I am encouraged to keep at it by a few things. (1) my overall average winners of 9.53 pip and average losers of 7.24 pip means that I only have to get my win rate from 34.5% to 44% to break even. (2) my “valid trades” average winner of 9.9 pip and average loser of 7.42 pip and 50% win rate produce an expected value of 1.24 pip per trade and at 20 trades a week that would be almost 25 pip.

In other words not only do I believe this is doable I also believe that it is reasonable to achieve my goal of 20 pip a week, and that is enough to scale up and live on.

So far I have been cranking out trades to acquire the data I need as fast as possible, but that has produced a tendency to overtrade, and I think perhaps I am not alone. So I soon will begin trading with real money with the hope that I will become more selective.

That brings me finally to the reason for this post (other than to encourage others). With the psychological goal of being consistently profitable I have been toying with the idea of profit and loss limits.

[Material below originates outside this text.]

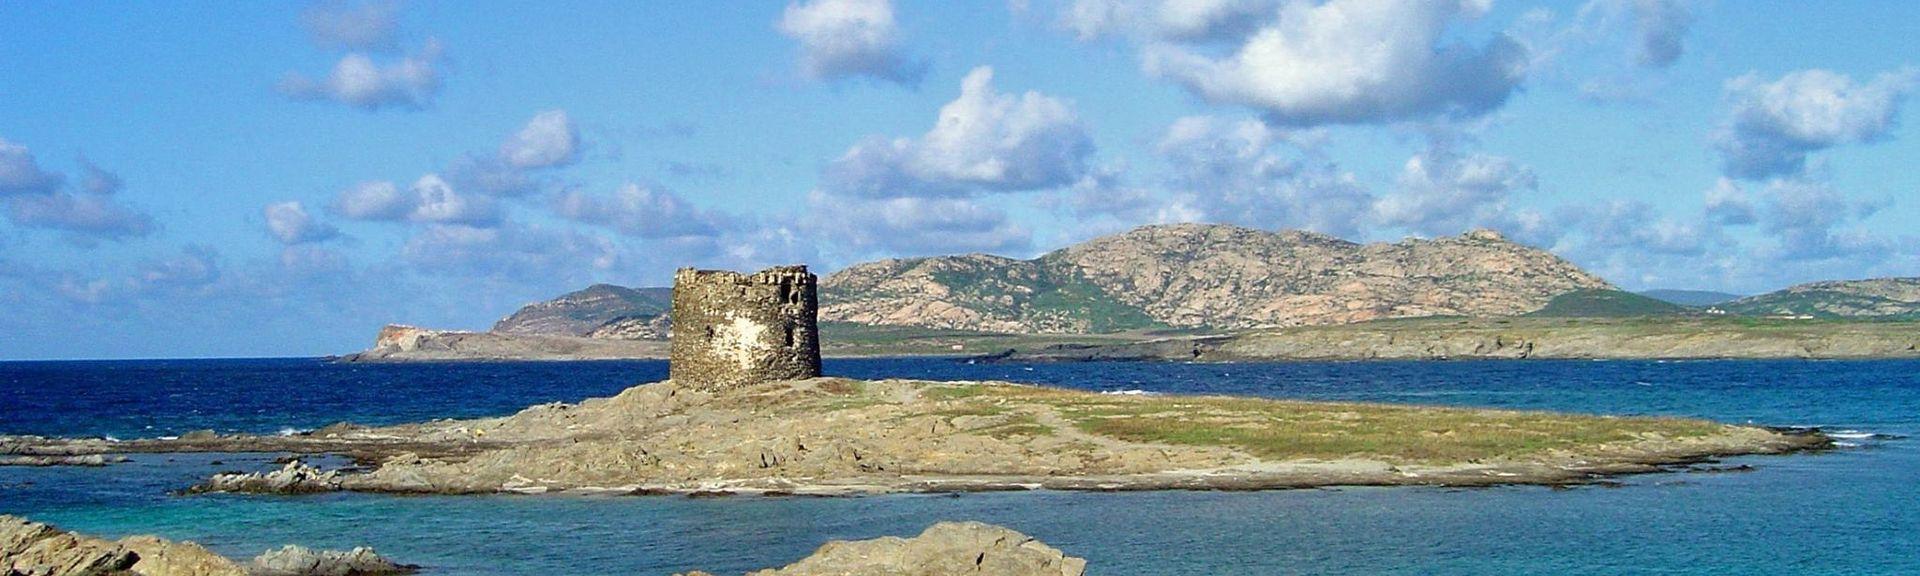 La Pelosa, Stintino, Sardegna, Italia

That is to say I wonder if my trading plan should instruct me to stop trading after X pip in loses or X pip in winners. There are countless variations of this and I’m not sure it is wise to even think this way. That is to say, just take what the market gives you.

For example one idea I have is that if my first trade of the day is a 10 pip winner maybe I should quit right there. After all my goal is only 20 pip for the week. Another idea is to quit trading for the week when I am either up 40 pip or down 30 pip. Or perhaps daily limits are in order?

Anyhow, does anyone care to share their thoughts on that?